Your objective: Below are records with pictures in them. Output exactly the lines from the one with "Download Free Fairy" through the one with "mens ripped jeans australia", both included, and leave every picture out; give only those lines.

Data for processing:

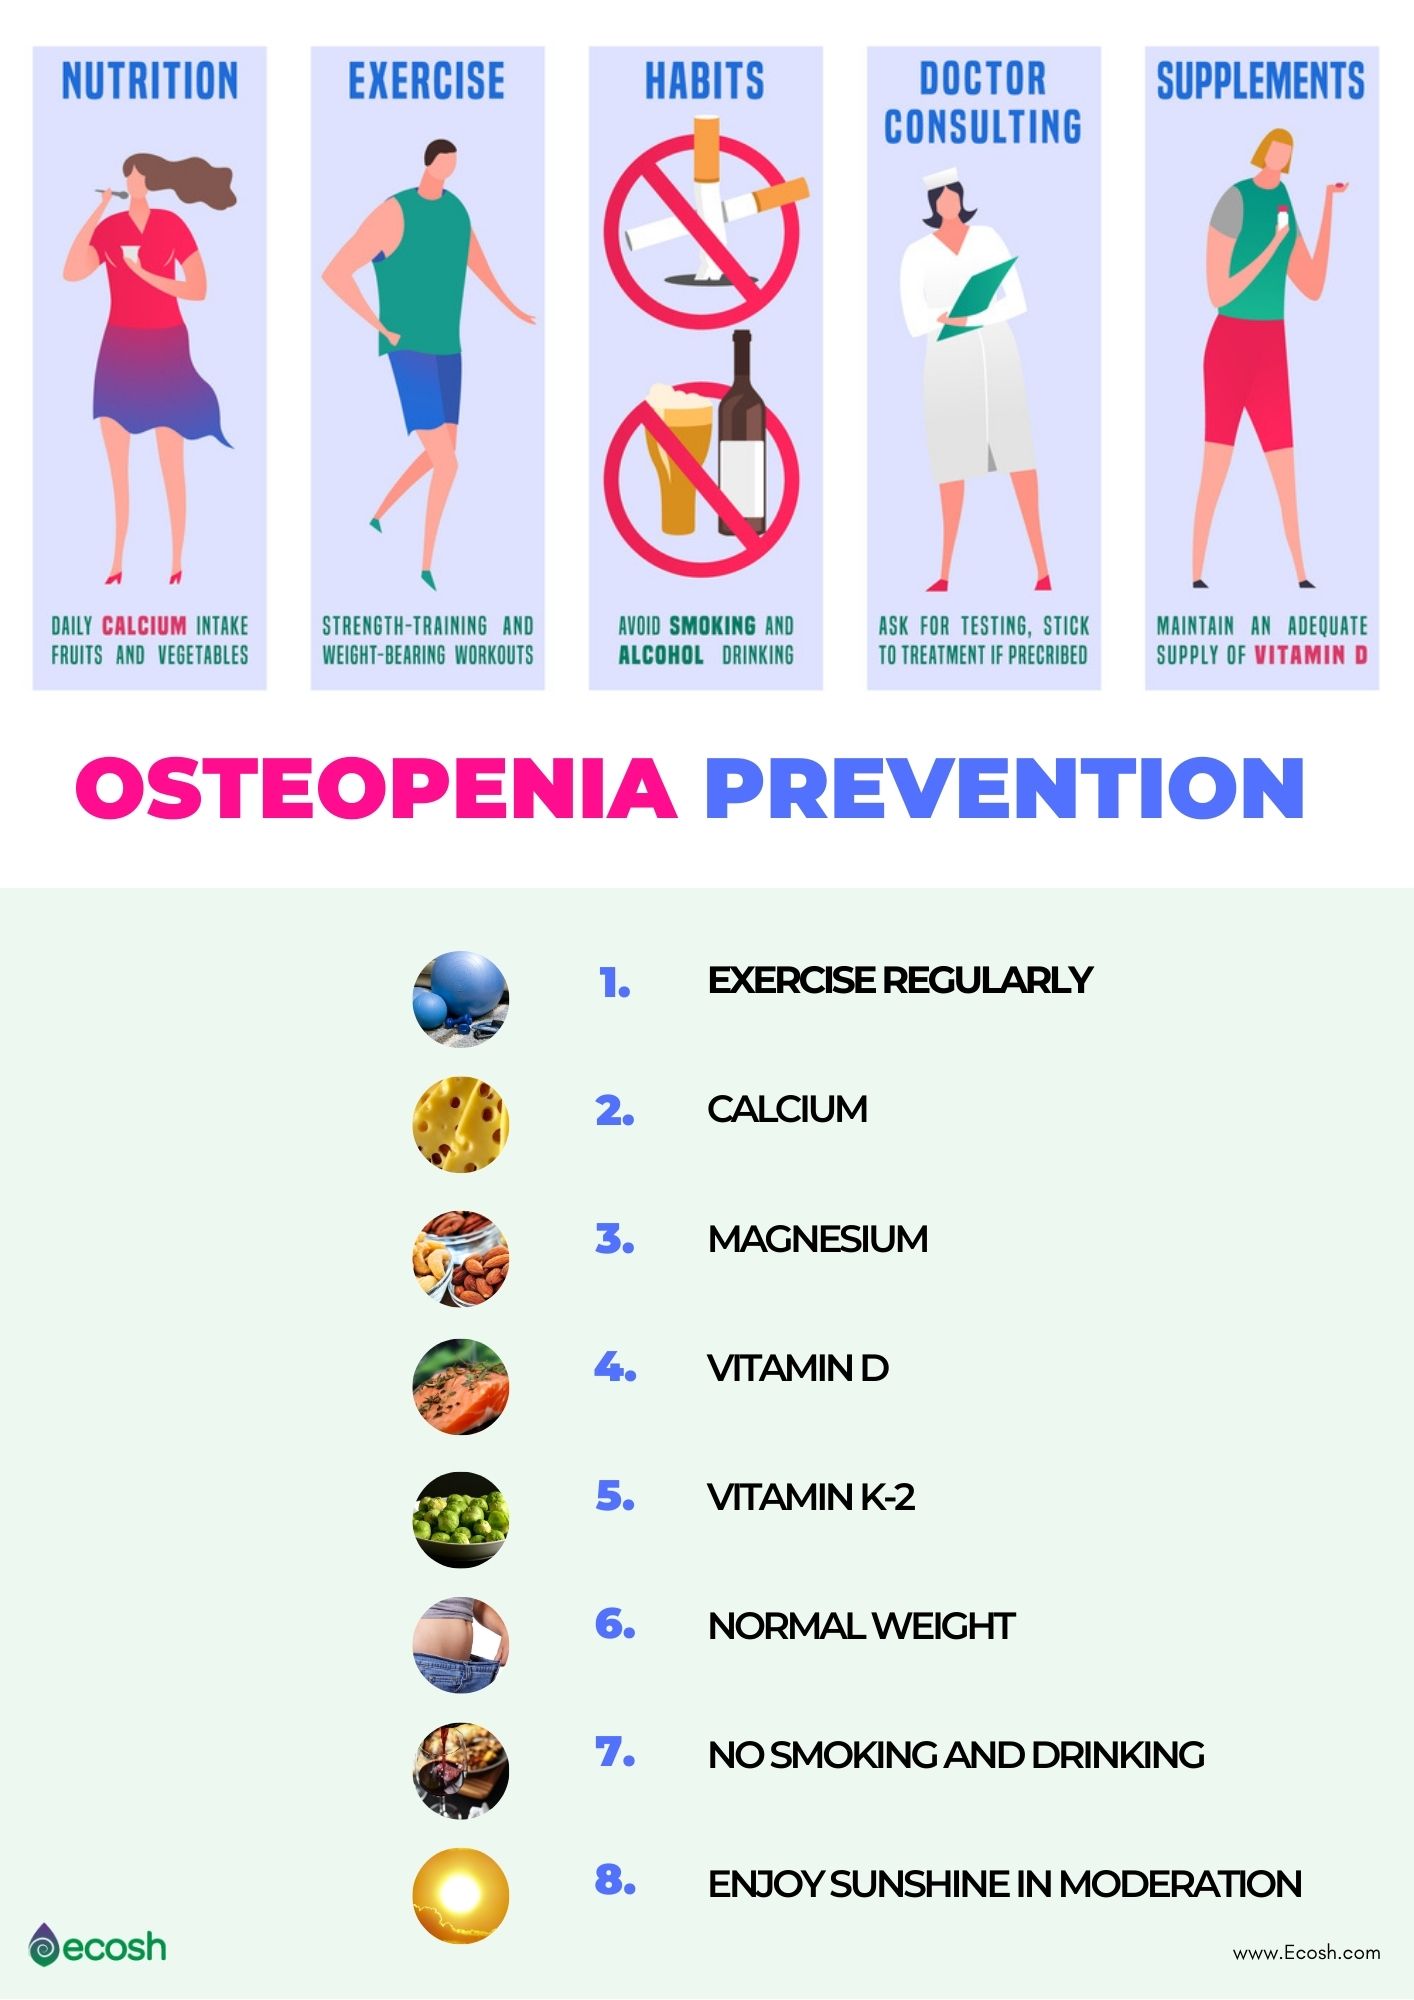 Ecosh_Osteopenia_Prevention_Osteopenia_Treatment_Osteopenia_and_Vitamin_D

==

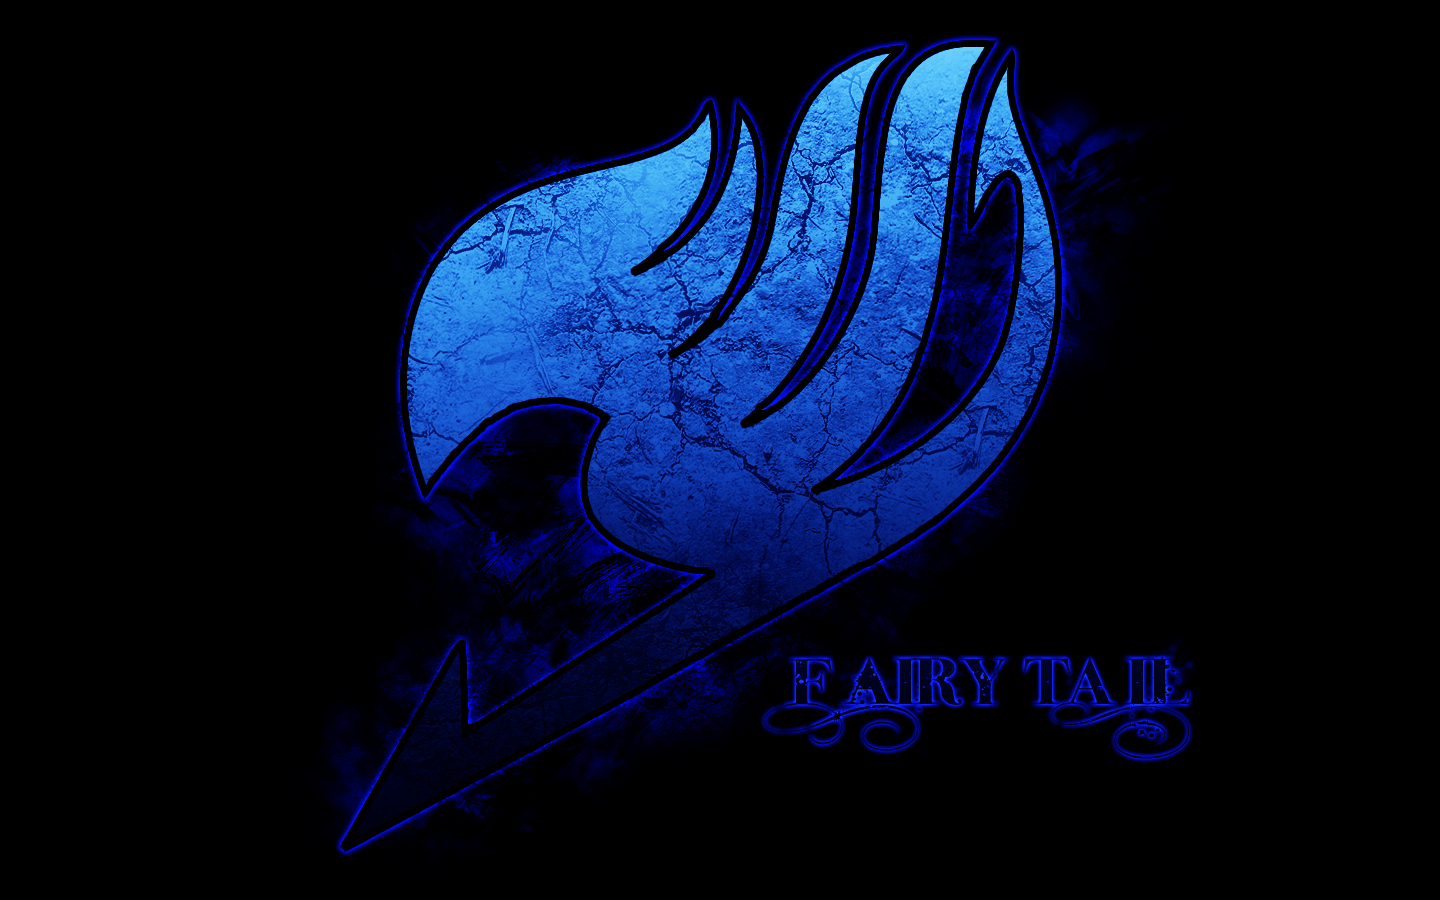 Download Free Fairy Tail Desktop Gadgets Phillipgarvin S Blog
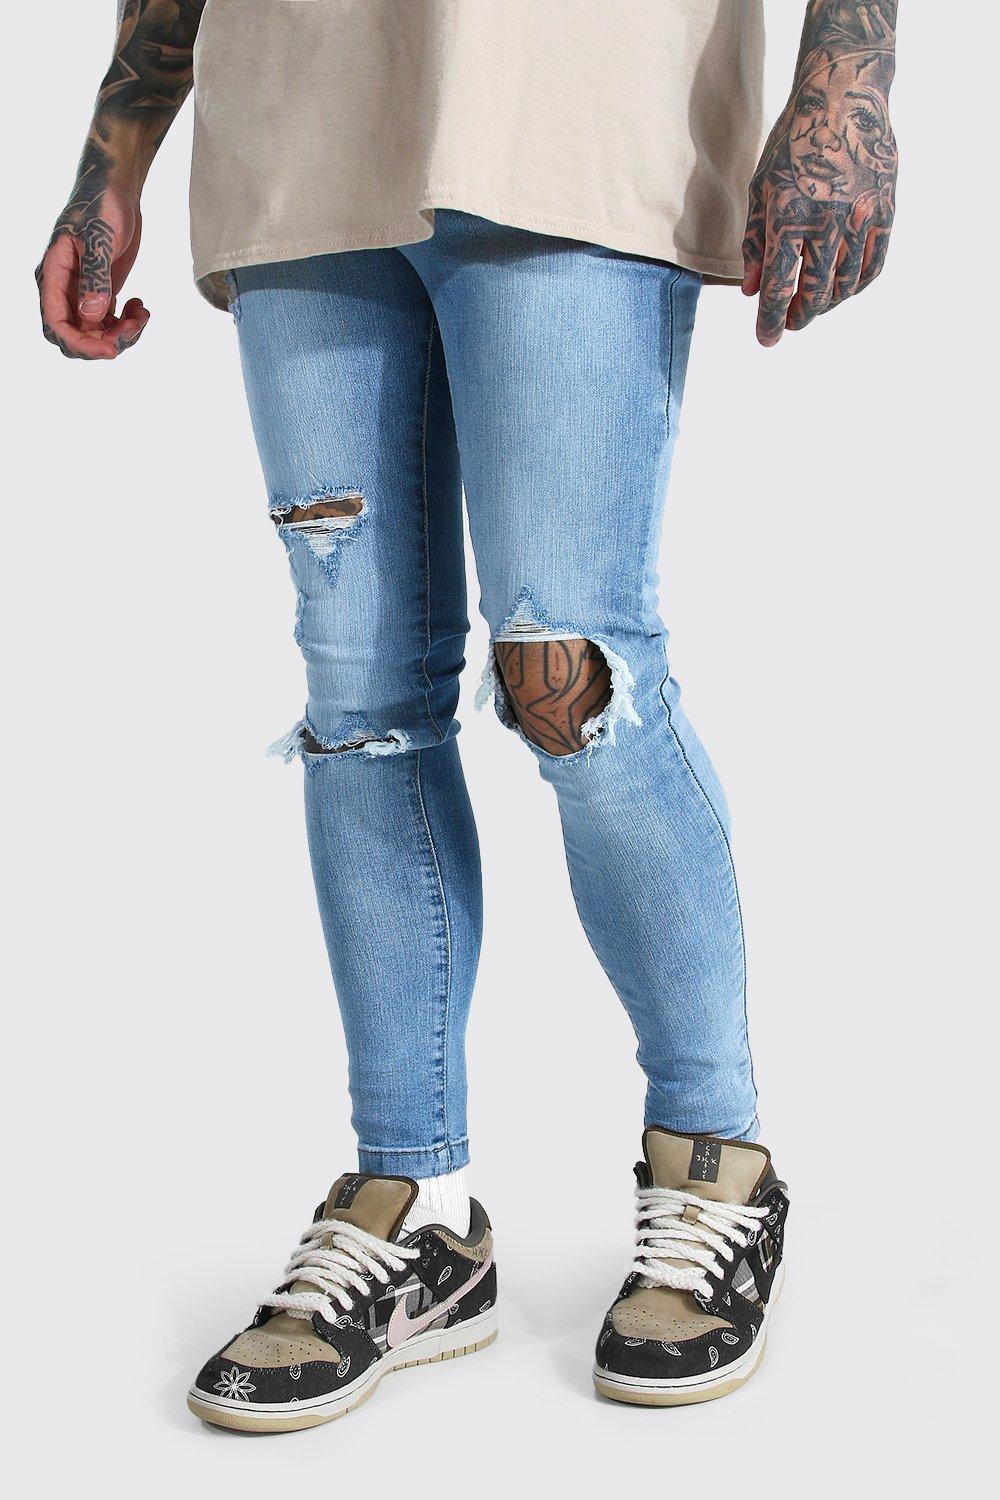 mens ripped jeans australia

...

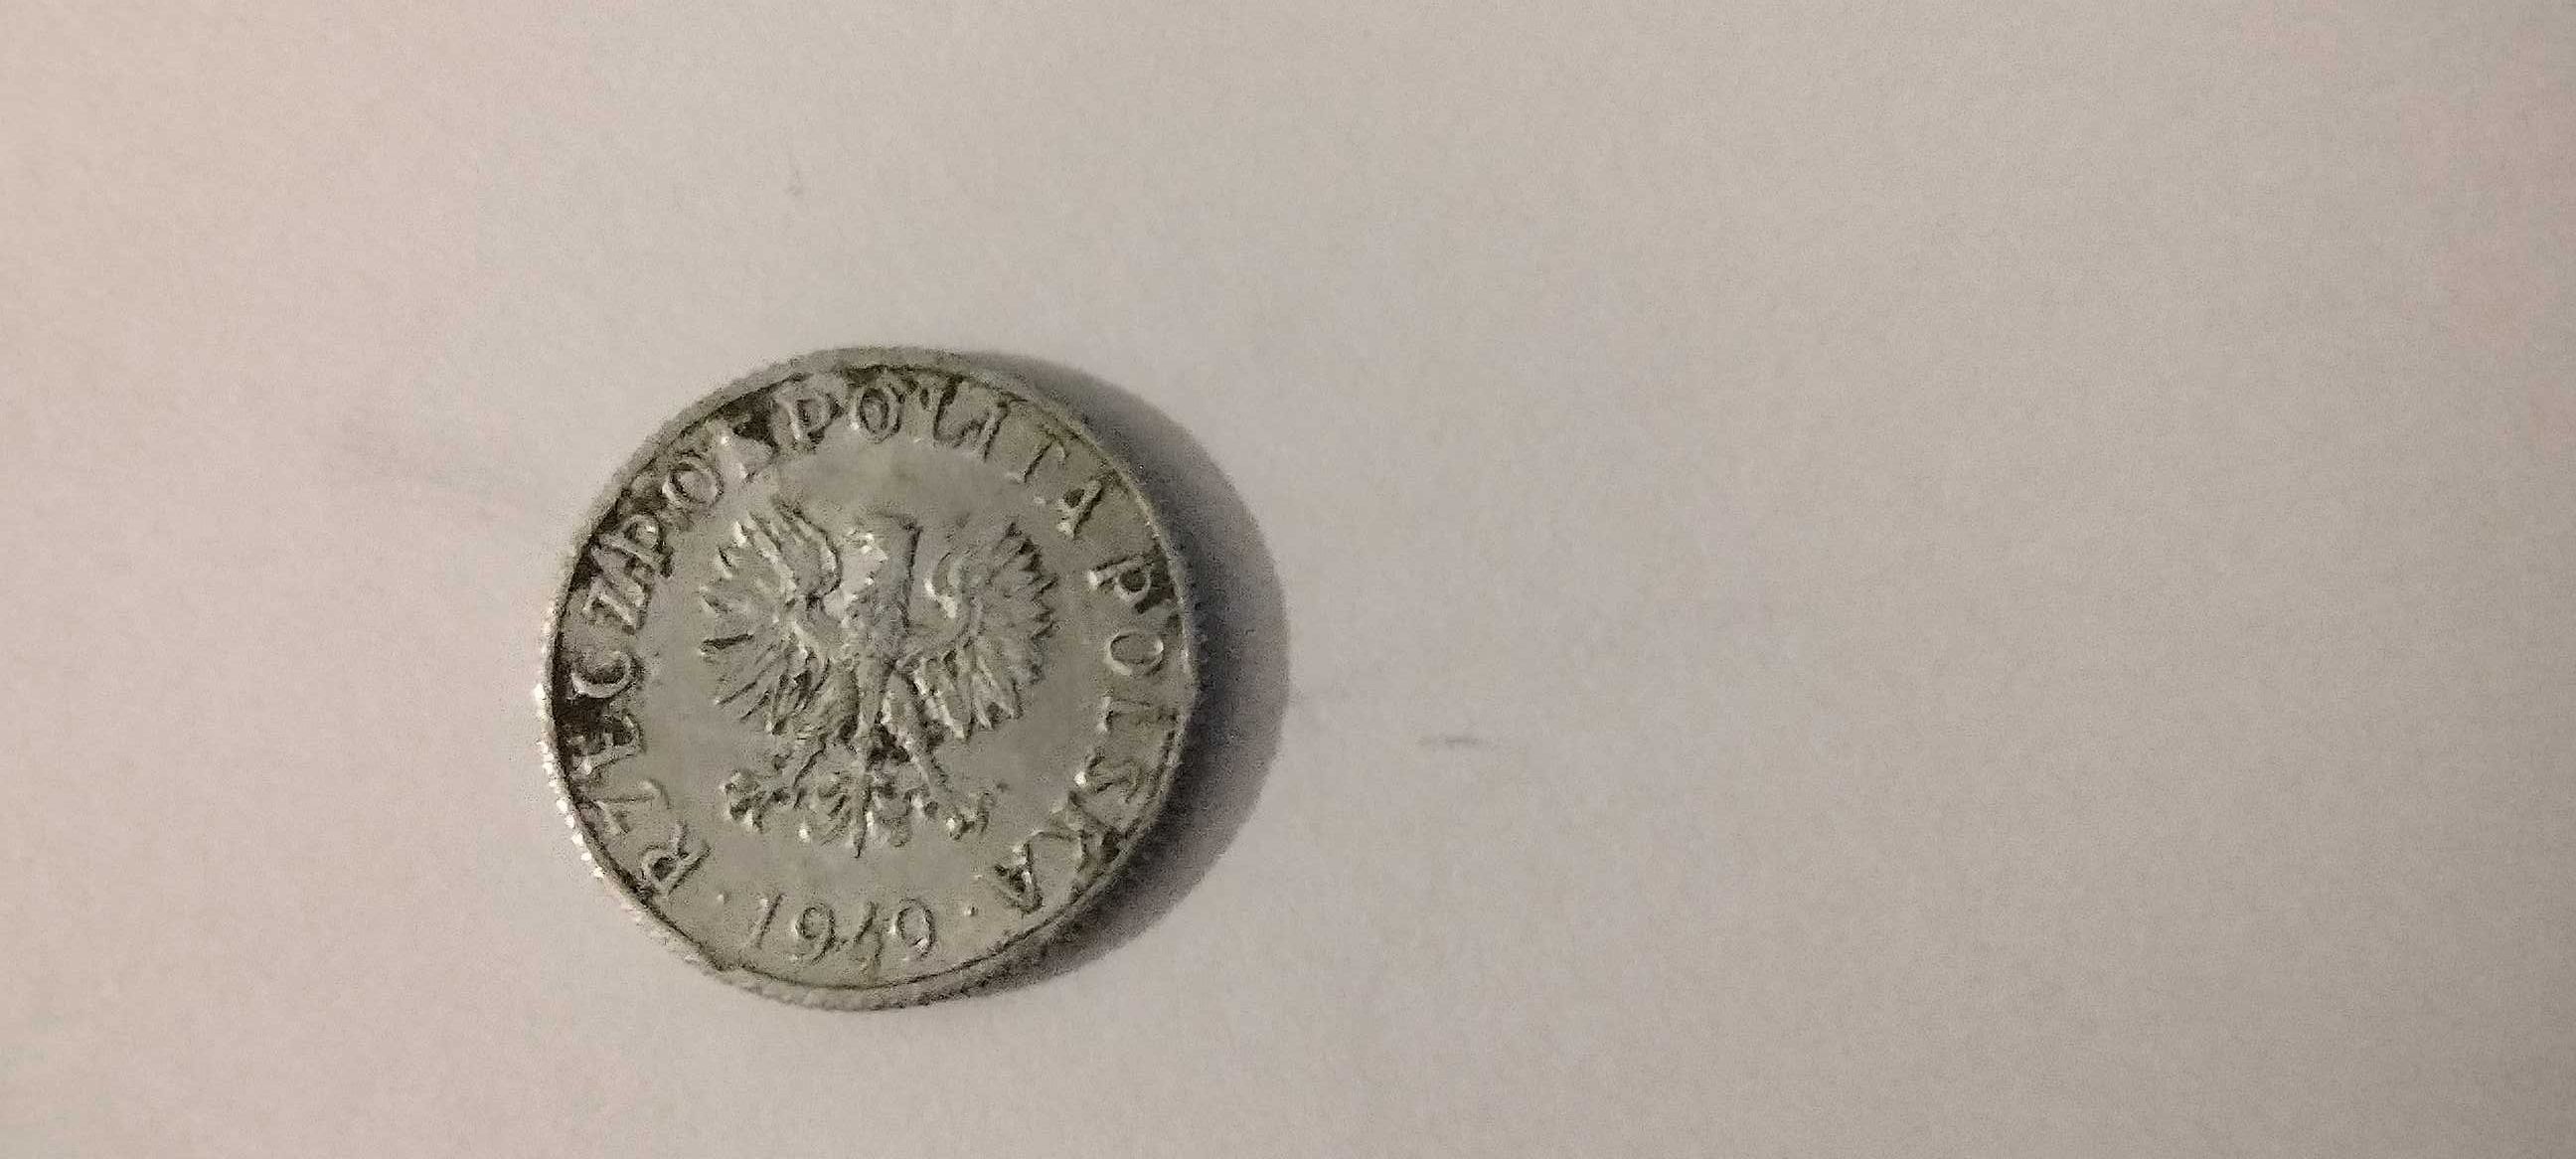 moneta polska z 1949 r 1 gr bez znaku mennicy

Answer to this problem:
 Download Free Fairy Tail Desktop Gadgets Phillipgarvin S Blog
 mens ripped jeans australia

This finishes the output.